---- Task input

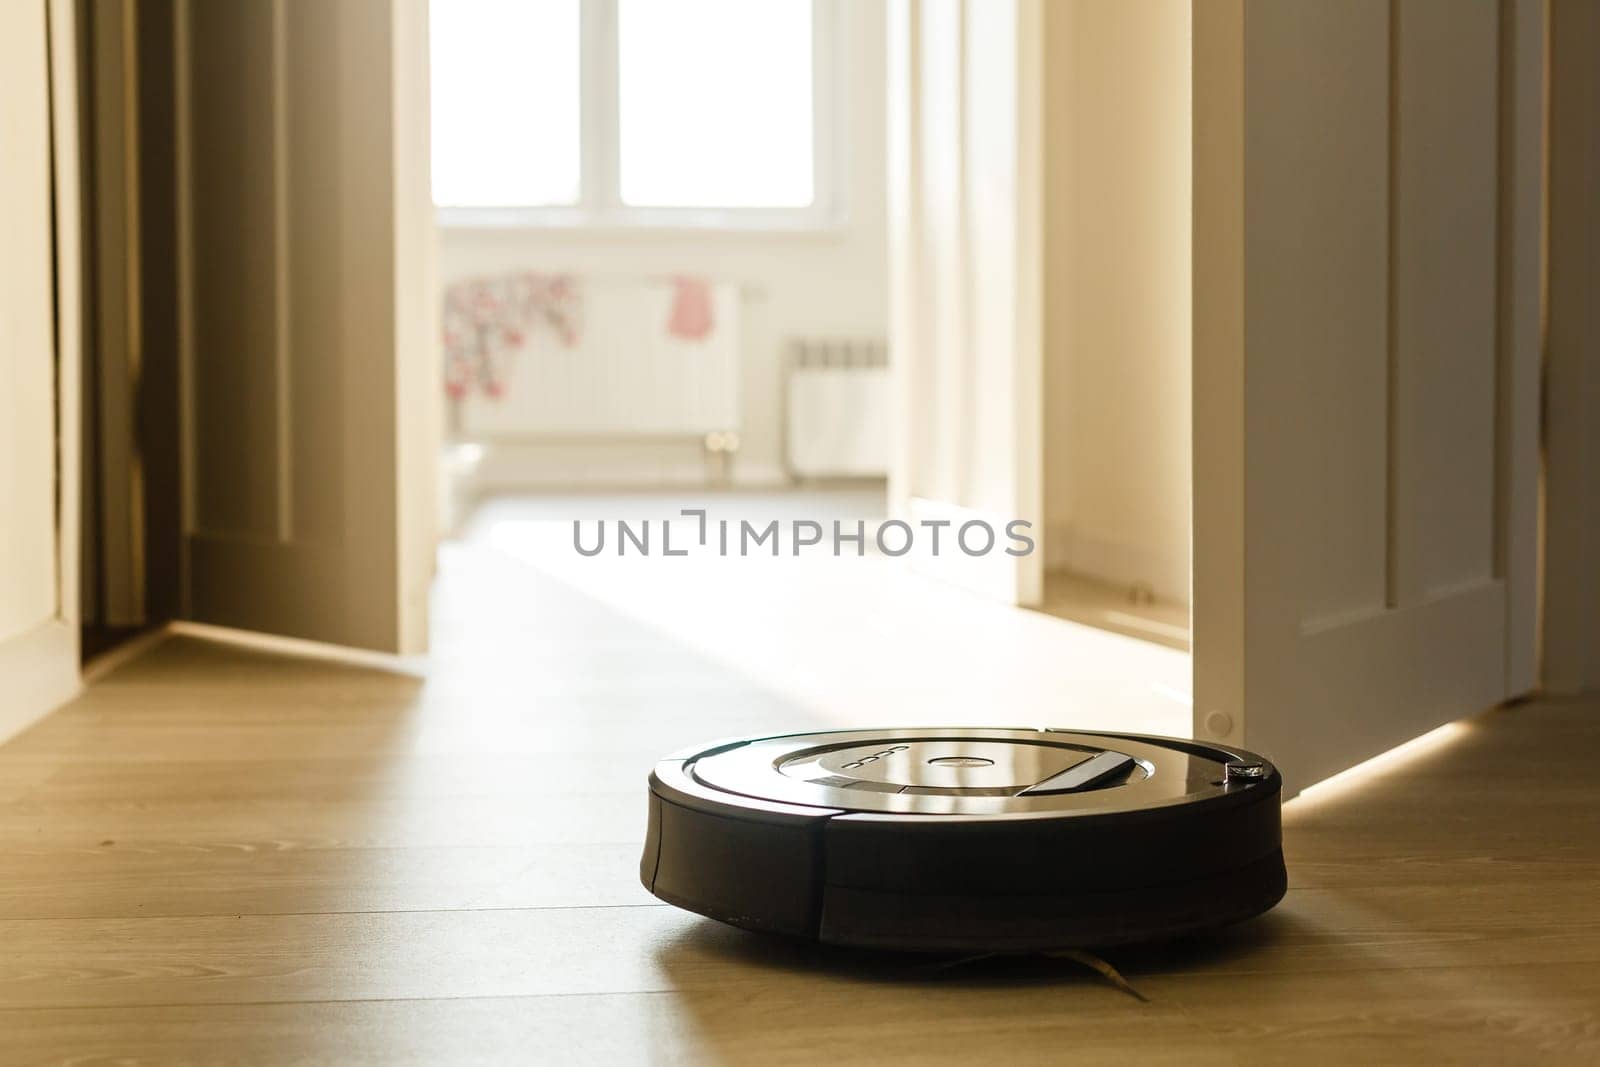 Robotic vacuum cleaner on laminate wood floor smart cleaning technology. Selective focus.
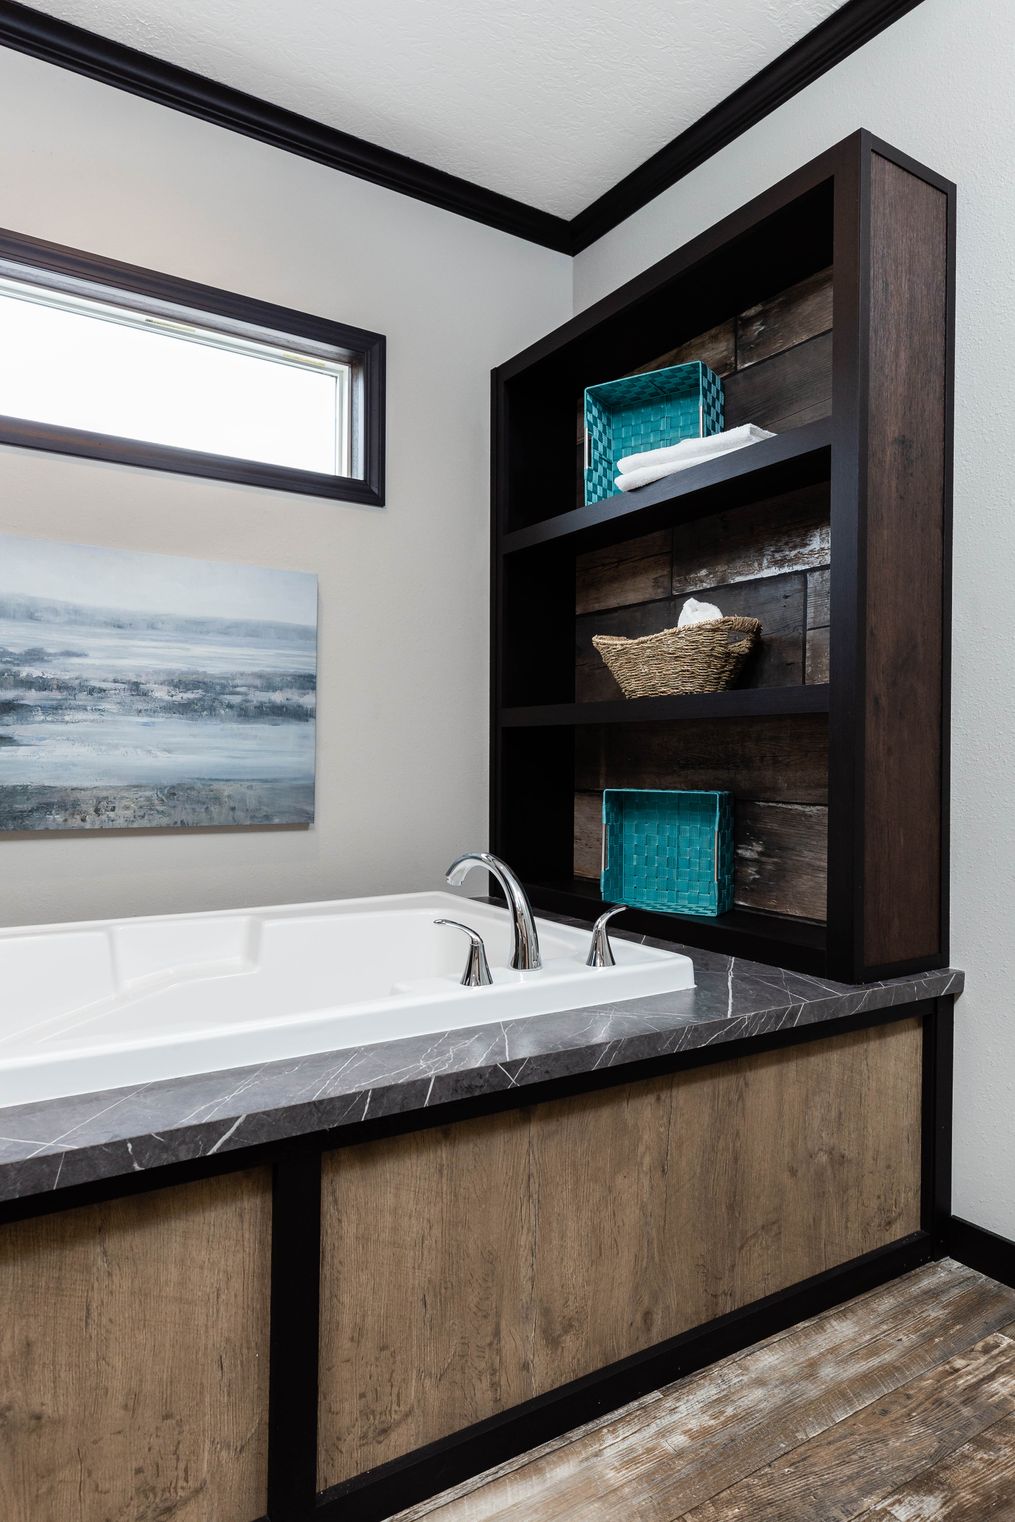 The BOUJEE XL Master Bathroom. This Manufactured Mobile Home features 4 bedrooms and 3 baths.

--------
---- Task input

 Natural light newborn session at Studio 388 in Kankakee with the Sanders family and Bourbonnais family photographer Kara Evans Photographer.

--------

* _The problem_:
Set down exactly the lines above, from the line containing "Robotic vacuum cleaner" through the line containing "The BOUJEE XL". Skip the pictures.

* _Your solution_:
 Robotic vacuum cleaner on laminate wood floor smart cleaning technology. Selective focus.
 The BOUJEE XL Master Bathroom. This Manufactured Mobile Home features 4 bedrooms and 3 baths.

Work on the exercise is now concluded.